Alfred Hitchcock's Mystery Magazine
- November/December 2023 cover
- Editor: Linda Landrigan
- Former editors: Cathleen Jordan
- Categories: Crime fiction, detective fiction
- Frequency: Bi-Monthly
- Founded: 1956
- Company: 1 Paragraph, Inc. (2025–)
- Country: United States
- Based in: Connecticut
- Language: English
- Website: www.alfredhitchcockmysterymagazine.com
- ISSN: 0002-5224
- OCLC: 1479088

= Alfred Hitchcock's Mystery Magazine =

Monthly digest fiction magazine

Alfred Hitchcock's Mystery Magazine (AHMM) is a bi-monthly digest size fiction magazine specializing in crime and detective fiction. AHMM is named for Alfred Hitchcock, the famed director of suspense films and television.

==History==
AHMM was founded in 1956 by HSD Publications, which licensed the use of the director's name. Though there was no formal connection with the television show, stories published in the magazine were sometimes adapted by the producers of Alfred Hitchcock Presents, and later, The Alfred Hitchcock Hour. A few writers, such as Henry Slesar, wrote for both. Other contributors during the magazine’s early years included Evan Hunter (under the pen name Ed McBain), Ed Lacy, Bill Pronzini, Jim Thompson, Donald E. Westlake and Charles Willeford (who briefly worked for the magazine). Pat Hitchcock, Alfred's daughter, also briefly worked for the magazine.

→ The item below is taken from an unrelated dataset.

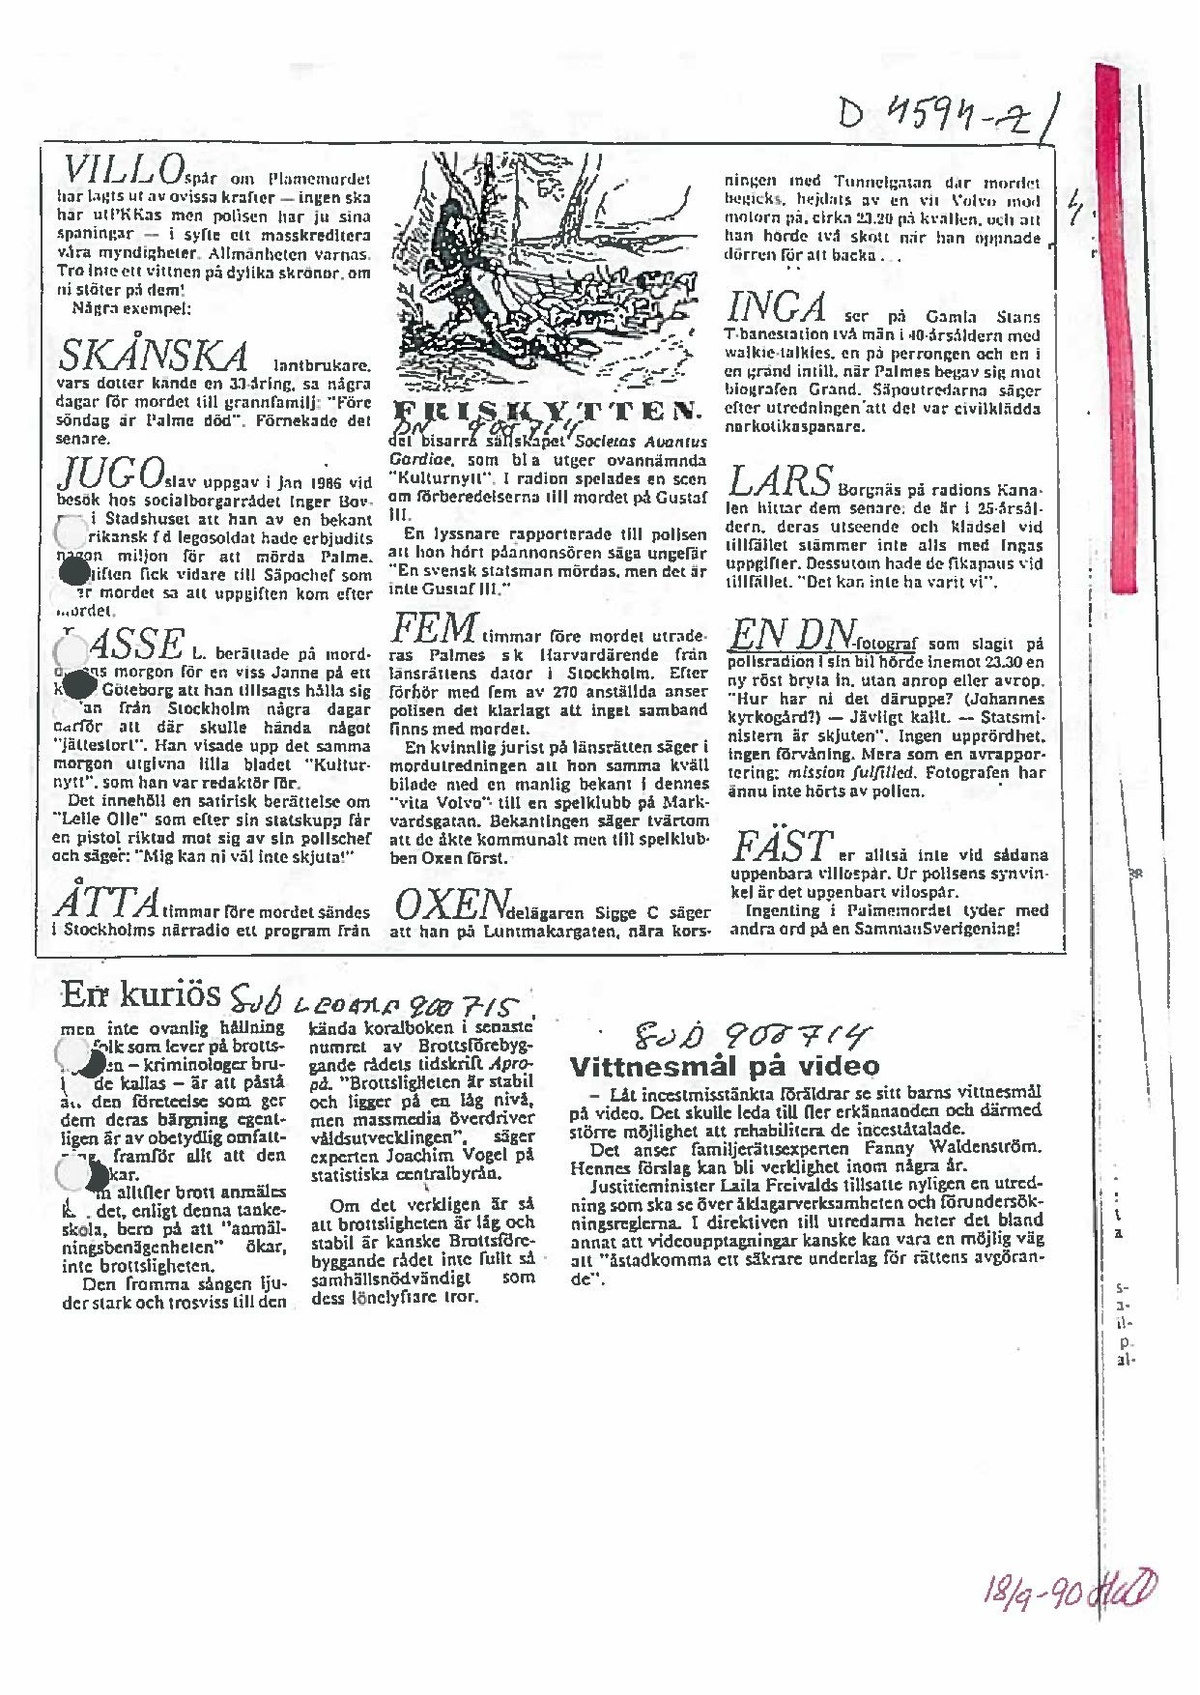 Pol-1986-03-25 D4594-01 Åke-Malmström-hörd-radiokommunikation.pdf

In 1975, AHMM was acquired by Davis Publications, which later sold the magazine along with its sister publication, Ellery Queen's Mystery Magazine to Dell Magazines in 1992. It was sold to 1 Paragraph Inc. in 2025.

After EQMM, AHMM is the second-longest-running mystery fiction magazine. In 2006, the magazine celebrated its 50th anniversary with the publication of the anthology Alfred Hitchcock’s Mystery Magazine Presents Fifty Years of Crime and Suspense.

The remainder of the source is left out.